You cant write back to the writer directly. use:
StrinBuilder sb = new StringBuilder();
StringWriter str = new StringWriter(sb);
HtmlTextWriter wrt = new HtmlTextWriter(str);
base.Render(wrt);
wrt.close();
string html = sb.ToString();
html = SomeFunctionManipulatingYourHTML(html).Trim();
if (html.Length >0)
{
Response.Buffer = true;
Response.Clear();
Response.ContentType = "text/html";
Response.Write(html);
Response.Flush();
Response.End();
}
Worked for me... You will still have to populate the top right corner "Welcome Message" as that is populated after Render but at least you can now manipulate it and have clean HTML. I just populated that part of the page using RegEx after the fact.
Upvotes: 0
Reputation:
HTMLAgilityPack is full of bugs, don't use it! If you need simple solution, you can write your own method. Otherwise you it will be much better to use https://github.com/google/gumbo-parser, it has .Net wrapper called gumbo.bindings
Upvotes: 0
Reputation: 6963
You may have some luck using the HTML agility pack. HTML Parsers are better at... parsing... html than regexs are.

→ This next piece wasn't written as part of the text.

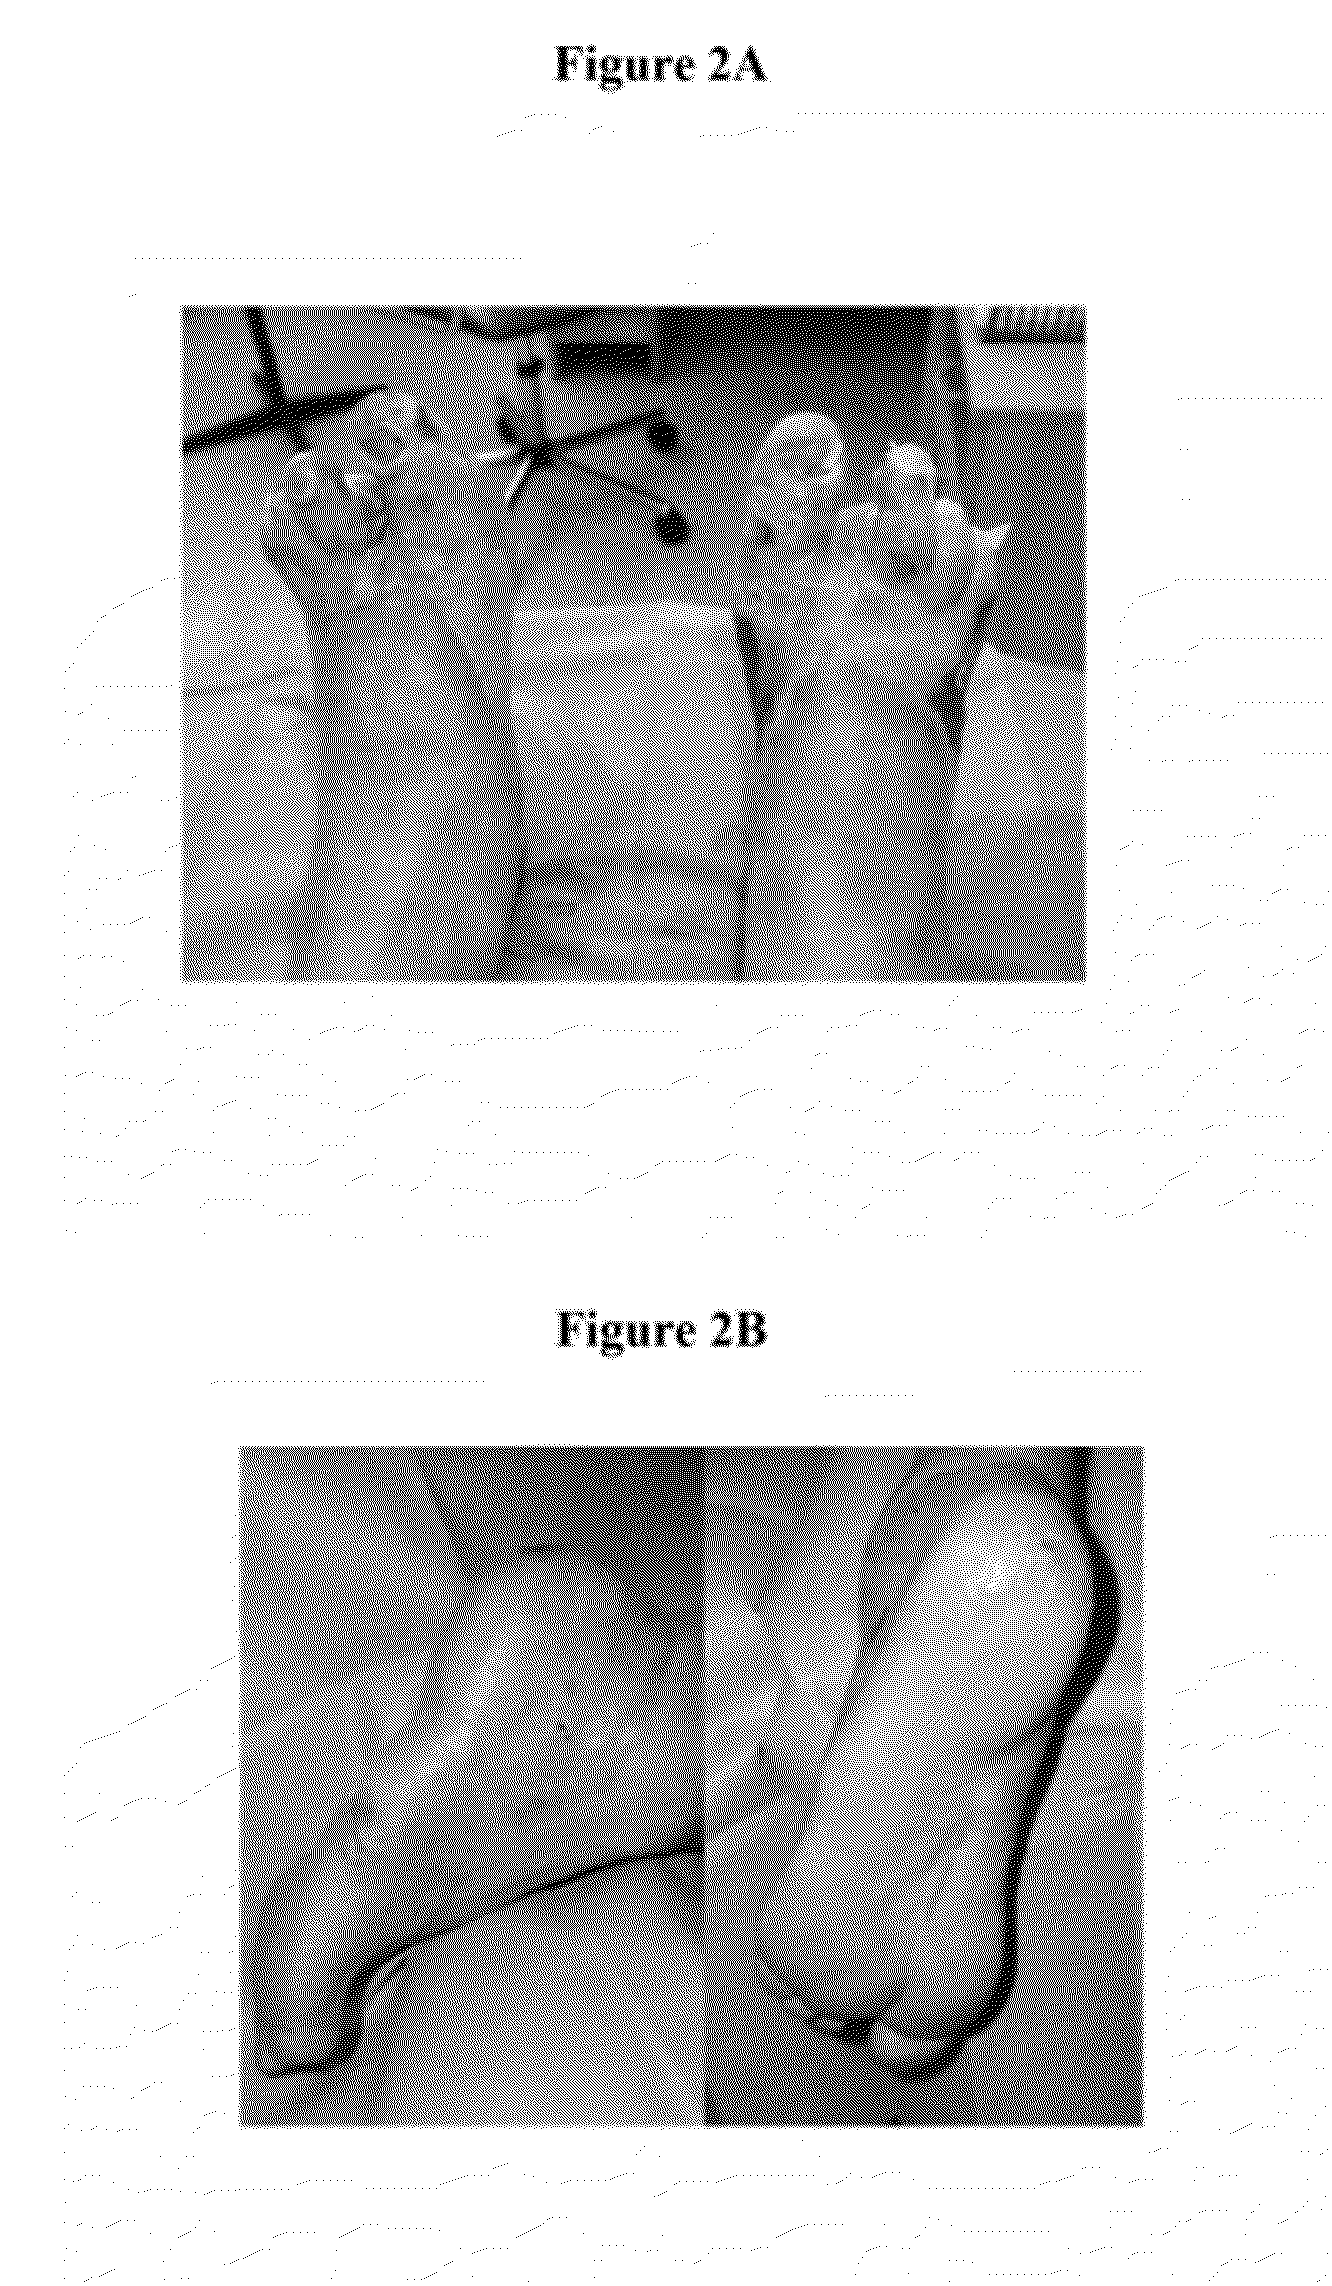 Methods and materials for treating burn injuries

http://www.codeplex.com/htmlagilitypack
Upvotes: 2
Reputation: 5195
Have you checked your Regex? Regex are greedy. This means that by default it returns the longest match possible.
So if your HTML looks something like this:
<html>
...
<!-- first script element -->
<script>...RTE_ConvertTextAreaToRichEdit...</script>
<!-- first script element ends -->
<!-- second script element -->
<script>...</script>
<!-- second script element ends -->
...
</html>
The Regex matches all the stuff between the start of the first script element and the end of the second script element. After the replace your output should be:
<html>
...
<!-- first script element -->
<!-- second script element ends -->
...
</html>
You can turn your Regex in an ungreedy or lazy one (find smallest possible match). Add a ? after the * and that should do it:
Regex regex = new Regex(@"<script>.*?RTE_ConvertTextAreaToRichEdit.*?</script>");
This might solve the problem. Look here for more info.
Upvotes: 2